Yalora has the following options (no space between option and argument allowed):

  • -i: input format, e.g. -ifasta, only fasta supported so far
  • -o: output format, e.g. -obam, bam or sam
  • -t: number of threads, e.g. -t8, by default this is chosen as the number of logical CPU cores on the executing machine
  • -Q: index file name (defaults to ref.fasta.yalora_index)
  • --constructmem: memory guideline for constructing the index used (BWT+sampled suffix array) in bytes, e.g. --constructmem16g, by default this is chosen is 3/4 of the physical RAM detected on the executing machine
  • --sasamplingrate: suffix array sampling rate, e.g. --sasamplingrate16, 32 by default
  • -T: prefix for temporary files produced during index construction and output reordering, e.g. -T/path/to/dir/tmp_, by default will generate files in the current directory with names based on the executable name, executing machine's host name, process ID and timestamp
  • --minalgnlen: minimum length of alignments reported, e.g. --minalgnlen50, default 50. Length is in reference bases.
  • --chainminscore: minimum score required for seed chains, e.g. --chainminscore20, default 20. Chains with smaller scores are discarded.
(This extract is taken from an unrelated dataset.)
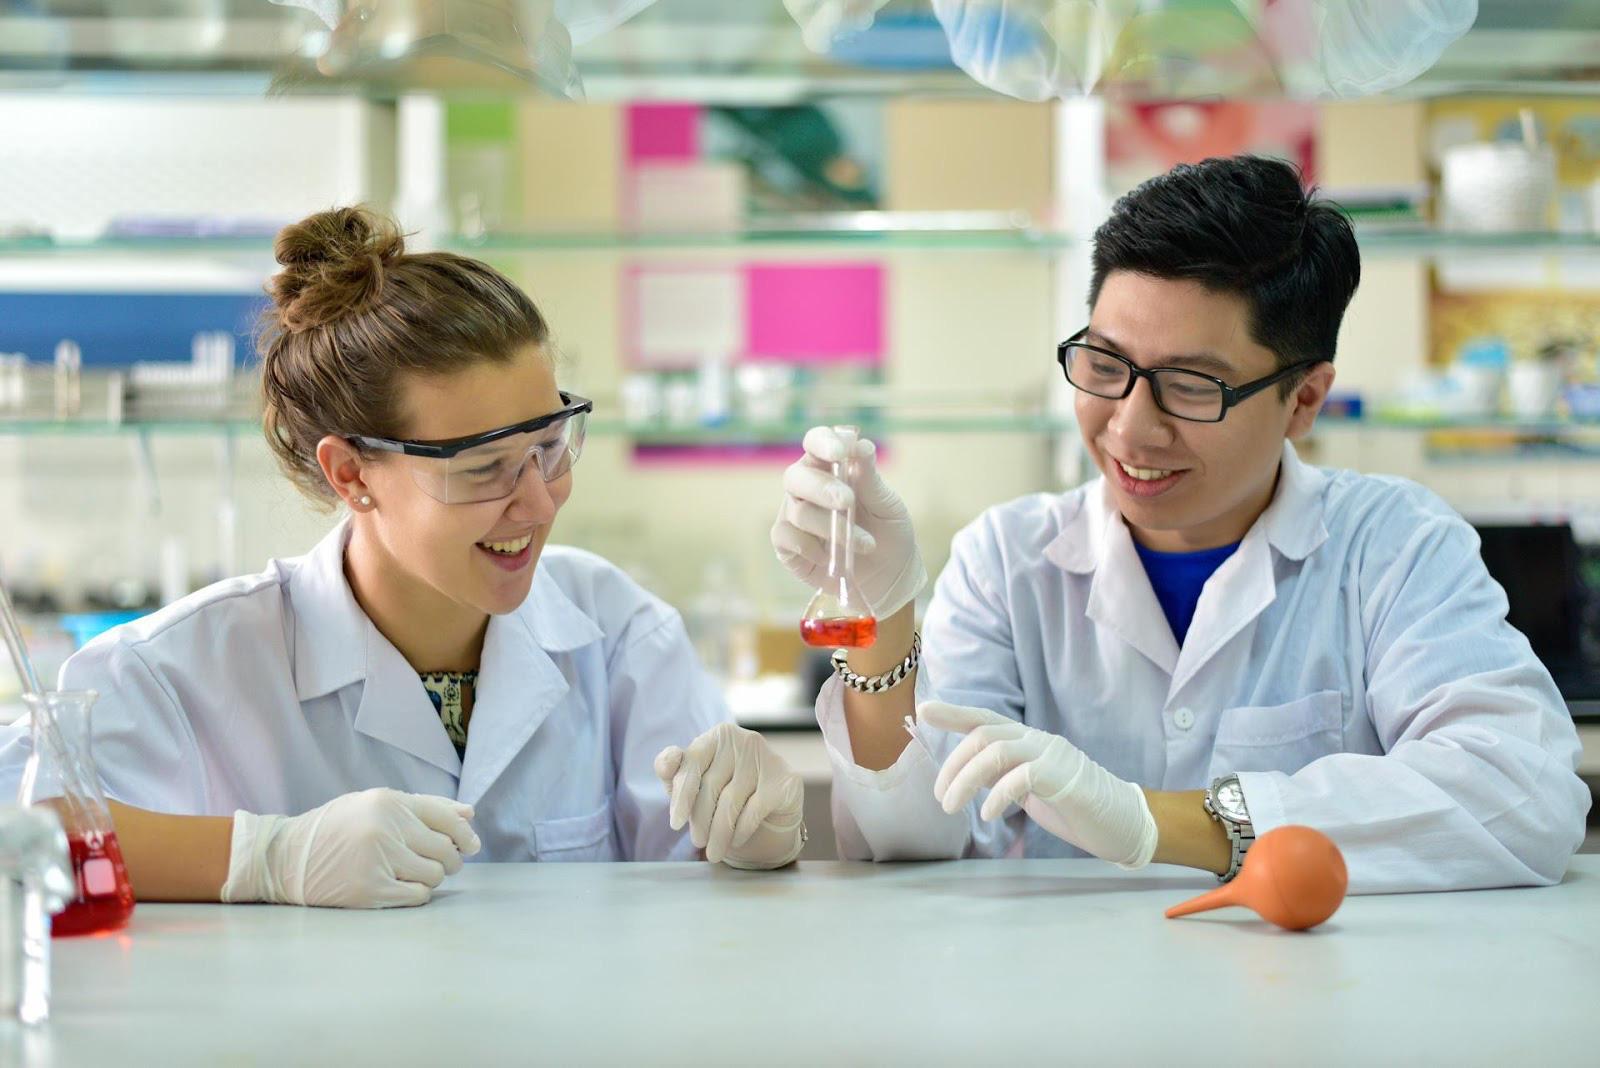 Giải mã lý do 2k3 đam mê khoa học đua nhau giành vé sớm làm tân sinh viên USTH mùa tuyển sinh 2021 - Ảnh 5.
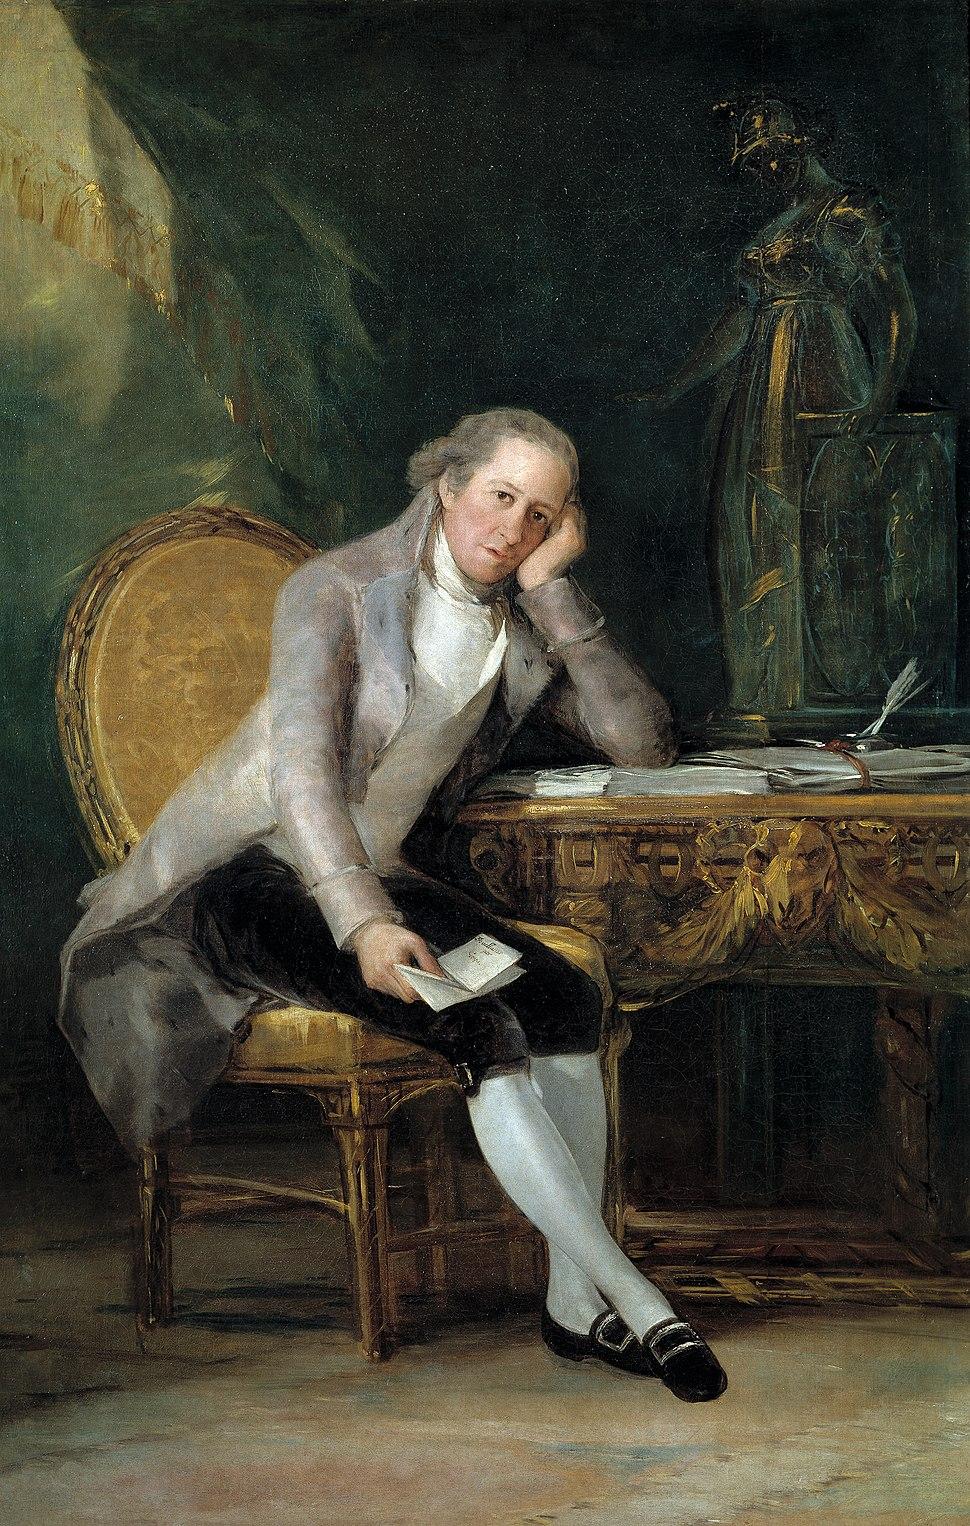 Francisco de Goya y Lucientes - Gaspar Melchor de Jovellanos

Increasing this values will increase speed and decrease sensitivity.
  • --minlen: minimum seed length, e.g. --minlen20, default 20. Matches shorter than this length are ignored.
  • --minsplitlength: minimum seed length to consider splitting long seeds, e.g. --minsplitlength28, default 28. This option is very similar to the reseeding described in section 2.1.1 of the BWA MEM paper [https://arxiv.org/abs/1303.3997].
  • --minsplitsize: maximum frequency to consider splitting, e.g. --minsplitsize10, default 10.
  • -K: kmer cache K size, e.g. -K12, default 12.
  • --maxocc: maximum frequency of seeds used, e.g. --maxocc500, default 500. Seeds more frequent then this threshold are subsampled.
  • --minfreq: minimum frequency required for seeds, e.g. --minfreq1, default 1.
  • --limit: maximum seed extension left and right, e.g. --limit32, default 32. Maximum number of bases extended to left and right starting from a central position when looking for seeds.
  • --maxxdist: maximum distance allowed for chaining seeds in any of the two coordinates, e.g. --maxxdist1000, default 1000.
  • --activemax: number of chains required to cover/dominate another chain until it is discarded, e.g. --activemax1, default 1.
  • --fracmul: fragment overlap threshold counter, e.g. --fracmul95, default 95. fracmul/fracdiv designates the fraction of bases two chains need to overlap by to consider them for testing whether one dominates the other
  • --fracdiv: fragment overlap threshold denominator, e.g. --fracdiv100, default 100.
  • --chaindommul: chain domination threshold counter, e.g. --chaindommul95, default 95. A chain covers/dominates another chain if it overlaps fracmul/fracdiv of its bases and its score multiplied by chaindommul/chaindomdiv exceeds the other chains score/range.
  • --chaindomdiv: chain domination threshold denominator, e.g. --chaindomdiv100, default 100.
  • --algndommul: alignment domination threshold counter, e.g. --algndommul95, default 95. An alignment covers/dominates another alignment if it overlaps fracmul/fracdiv of its bases and its score multiplied by algndommul/algndomdiv exceeds the other alignments score/range.
  • --algndomdiv: alignment domination threshold denominator, e.g. --algndomdiv100, default 100.

The default values should be reasonable for aligning 3rd generation long read data.